Set down, exactly as written, the lines from the line holding "Profits in lieu" to the end of the data, inclusive, skipping any pictures.

Collected data entries
===============
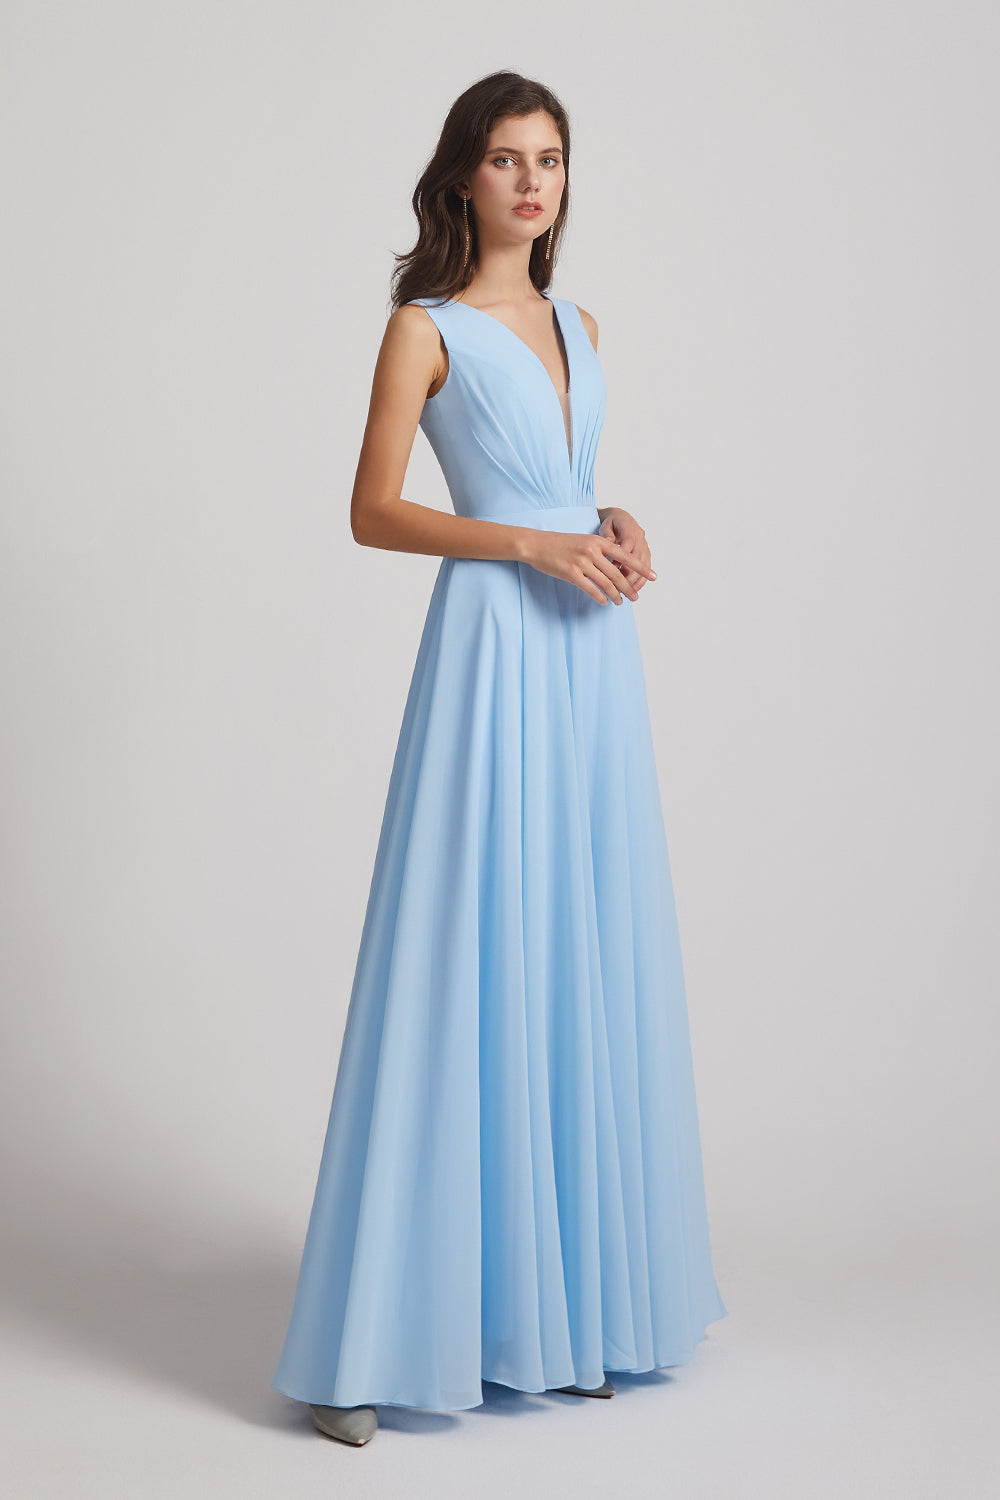 blue pleated maids of honor dresses
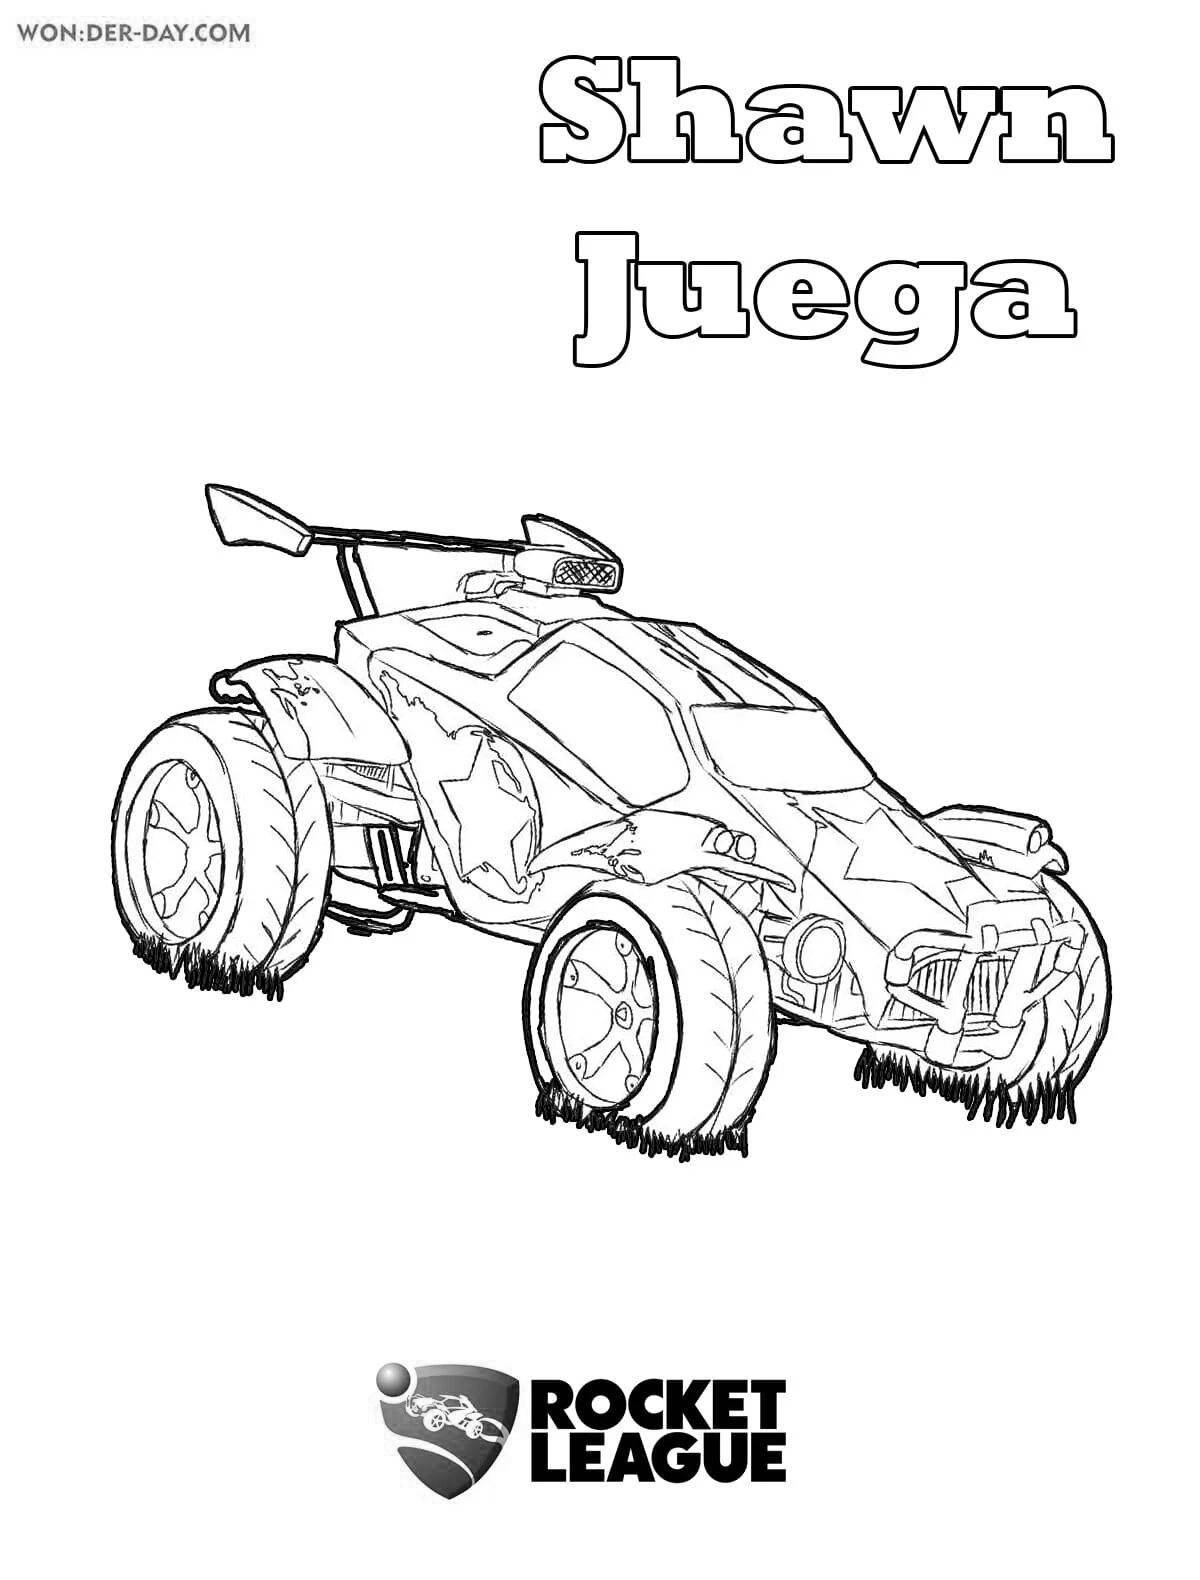 Rocket league animated coloring page
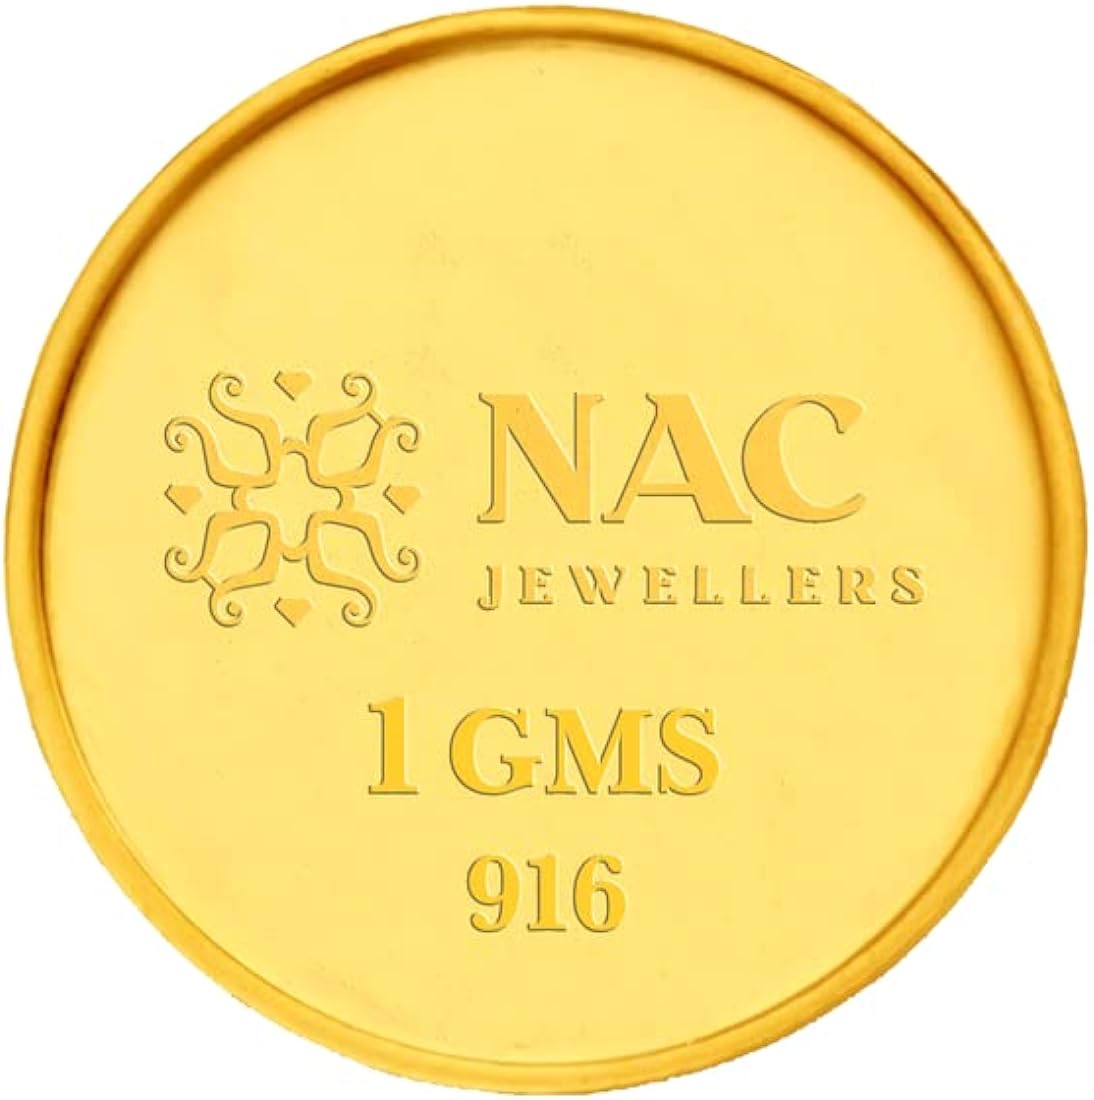 Gold coin with intricate design
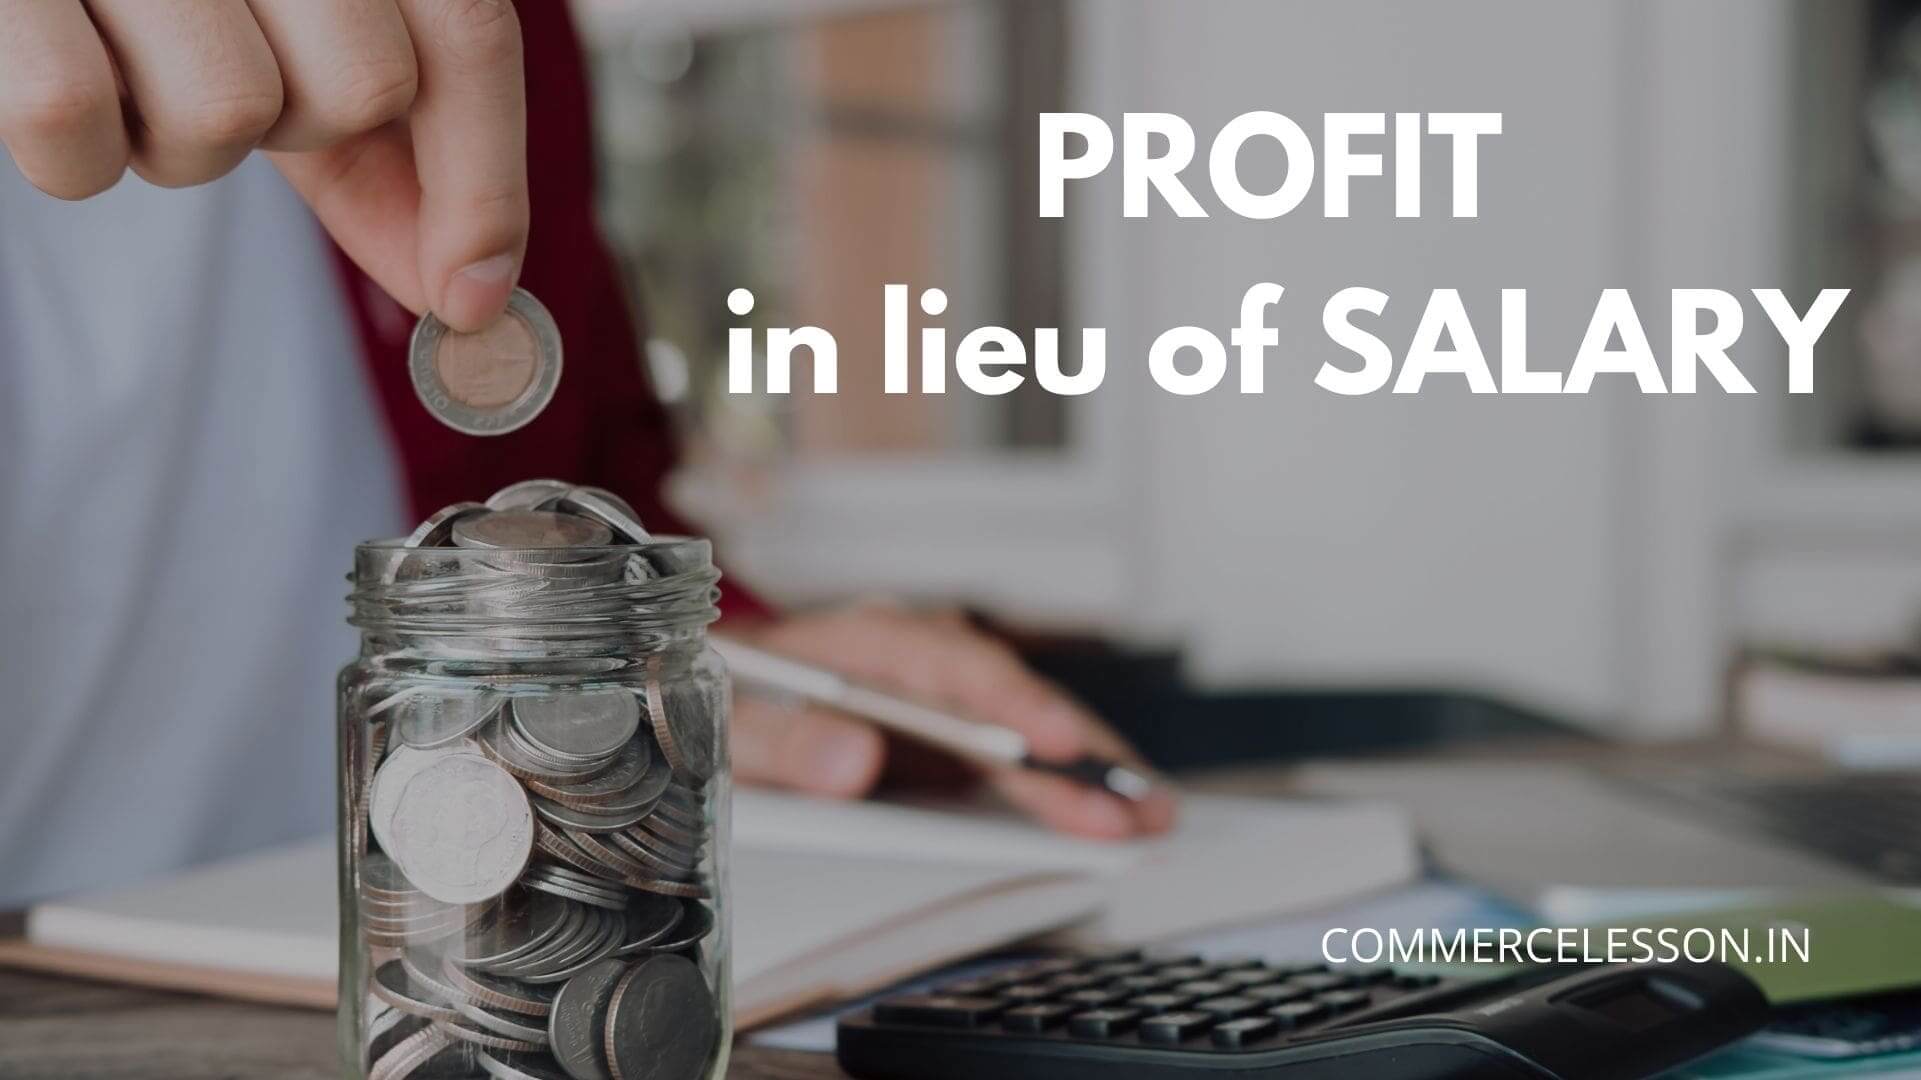 Profits in lieu of salary - CommerceLesson.in
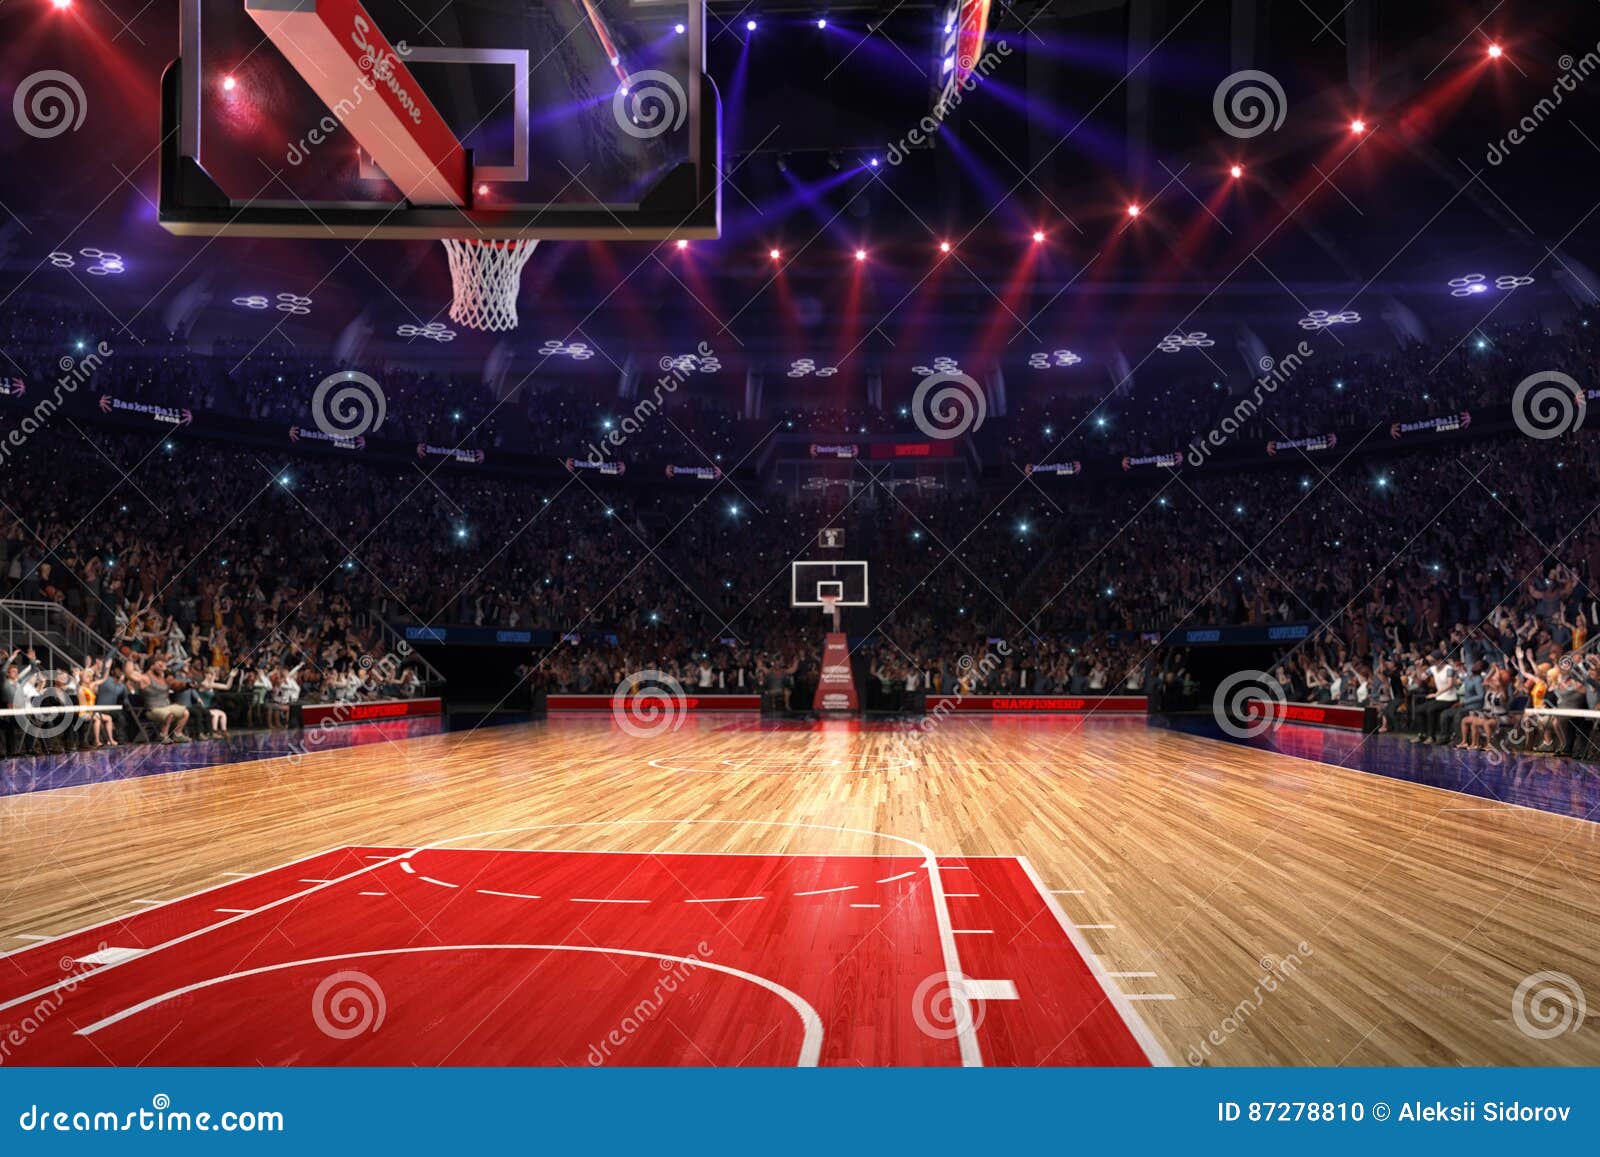 basketball court with people fan. sport arena.photoreal 3d render background. blured in long shot distancelike leans optical
===============
EXERCISE RESULT
 Profits in lieu of salary - CommerceLesson.in
 basketball court with people fan. sport arena.photoreal 3d render background. blured in long shot distancelike leans optical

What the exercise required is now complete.